Sport1-Sendung Doppelpass

Nübel-Wechsel: Helmer unterläuft Panne bei Übertragung

Doppelpass-Moderator Thomas Helmer.

Doppelpass-Moderator Thomas Helmer.

Foto: dpa

Essen  Während der Sendung Doppelpass ist Moderator Thomas Helmer eine Panne unterlaufen. Es geht um den Wechsel von Alexander Nübel zum FC Bayern.

Der Wechsel von Alexander Nübel (23) vom FC Schalke 04 zum FC Bayern München im kommenden Sommer beschäftigt Fußball-Deutschland. Und natürlich diskutierten auch die Gäste in der Sport1-Sendung Doppelpass munter über die Personalie, die höchst unterschiedlich betrachtet und eingeschätzt wird. Ex-Profi Stefan Effenberg zum Beispiel vermutet hinter der Entscheidung des Torhüters den Einfluss dessen Beraters Stefan Backs. Nachdem der frühere Bayern-Kapitän und Nationalspieler das weiter ausgeführt und finanzielles Interesse als Grund für den Wechsel genannt hatte, unterlief ausgerechnet Moderator Thomas Helmer eine Panne.
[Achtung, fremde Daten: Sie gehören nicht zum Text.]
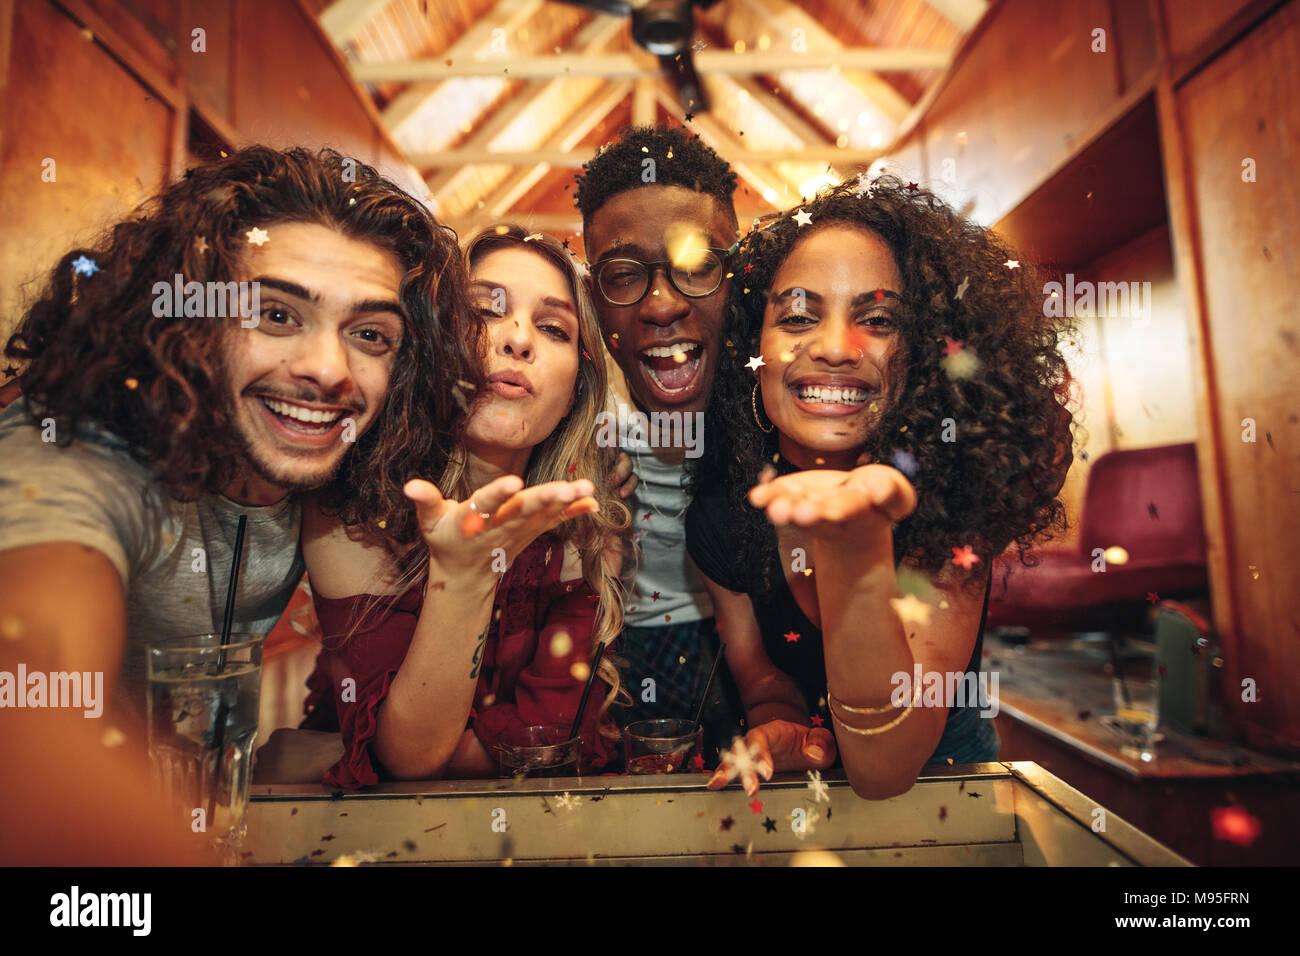 Eine Gruppe von Freunden eine Party und blasen Konfetti. Männer und Frauen die Erfassung der Spaß in selfie im Nachtclub. Stockfoto
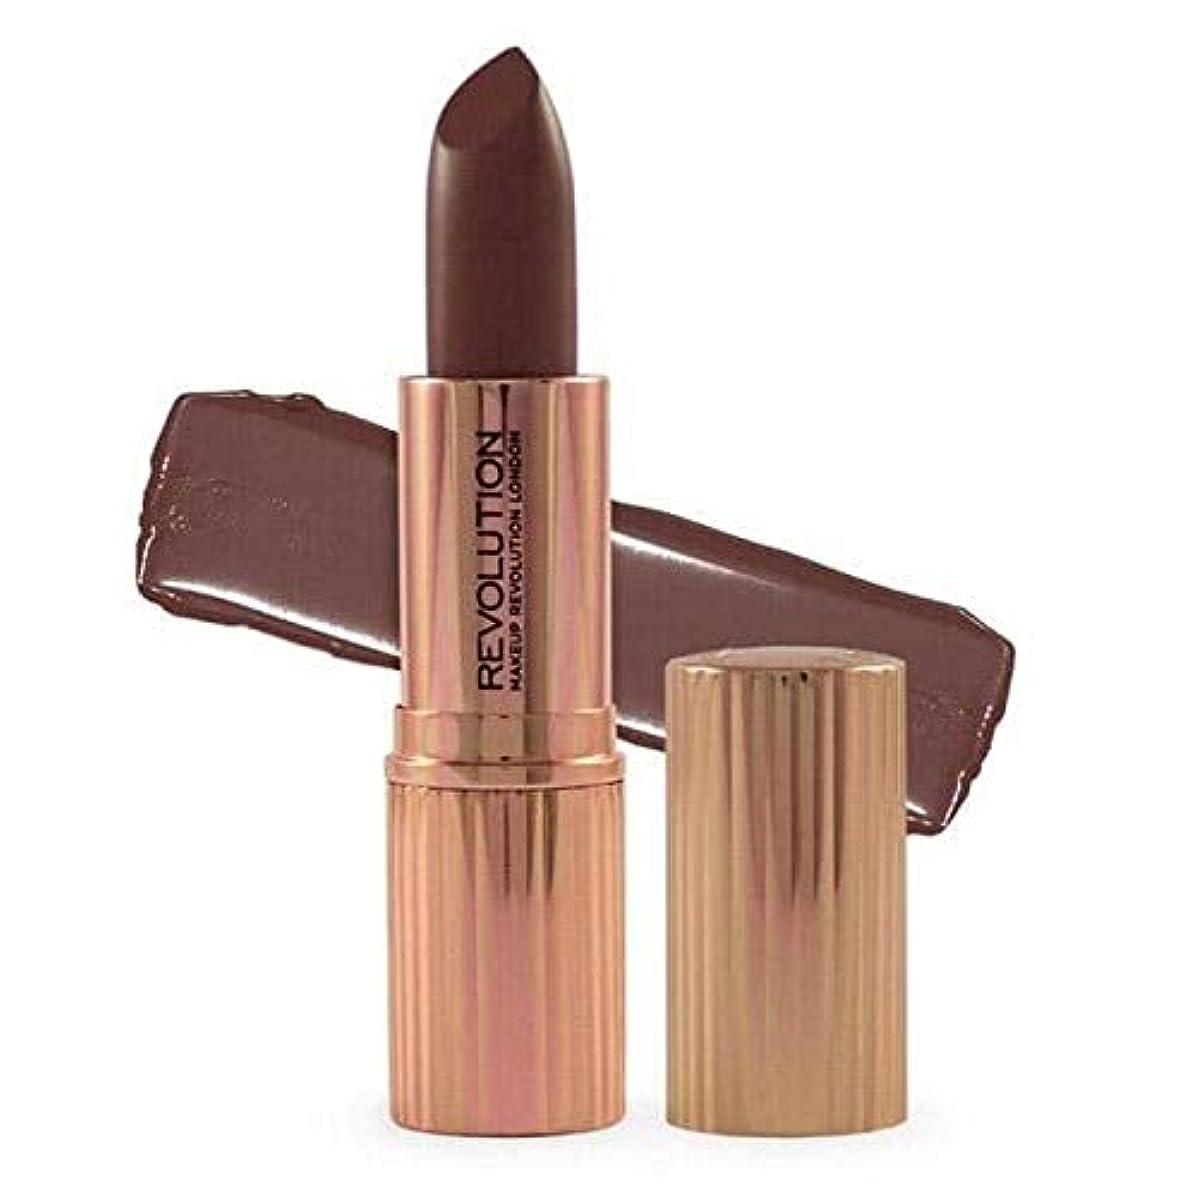 先のことを考える舌な橋[Revolution ] 革命ルネサンス口紅最高級 - Revolution Renaissance Lipstick Finest [並行輸入品]

Mikrofone liefen während der TV-Pause mit

Der 54-Jährige hatte offenbar eine Nachricht von Backs erhalten. Helmer zu einer zweiten Person: „Der Berater hat sich gemeldet, von Nübel. Er hat sich beschwert, was Stefan gesagt hat – er sei geldgeil.“ Dann lacht der ehemalige Bayern-Profi. Was er offenbar nicht bedacht hatte: Die Sendung wird nicht nur im TV, sondern grundsätzlich auch im Internet auf der Video-Plattform Youtube übertragen. Anders als während der Fernseh-Übertragung werden die Mikrofone beim Livestream nicht ausgeschaltet. Somit hatte Helmers hämische Anmerkung Ohrenzeugen. Folglich dauerte es nicht lange, bis die ersten Kommentare zum Geschehen in sozialen Netzwerken auftauchten.

Auch Backs selbst hatte sich öffentlich zu Wort gemeldet, beim Tweet über den offiziellen Account der Agentur Siebert & Backs GmbH aber Wert auf eine zurückhaltende Wortwahl gelegt. „Lange Diskussion im Sport.1-Doppelpass zum Thema Nübel/Bayern München. Fazit: Der Berater hat nur an sein Geld gedacht.“

Hintergrund für Effenbergs Vermutung: Nübel, auf Schalke zuletzt Stammkeeper, droht beim Rekordmeister ein Platz auf der Ersatzbank. Denn Nationaltorhüter Manuel Neuer, der ebenfalls aus Gelsenkirchen in den Süden der Republik wechselte, gilt bei den Bayern als gesetzt und soll seinen Vertrag in München bis 2023 verlängern.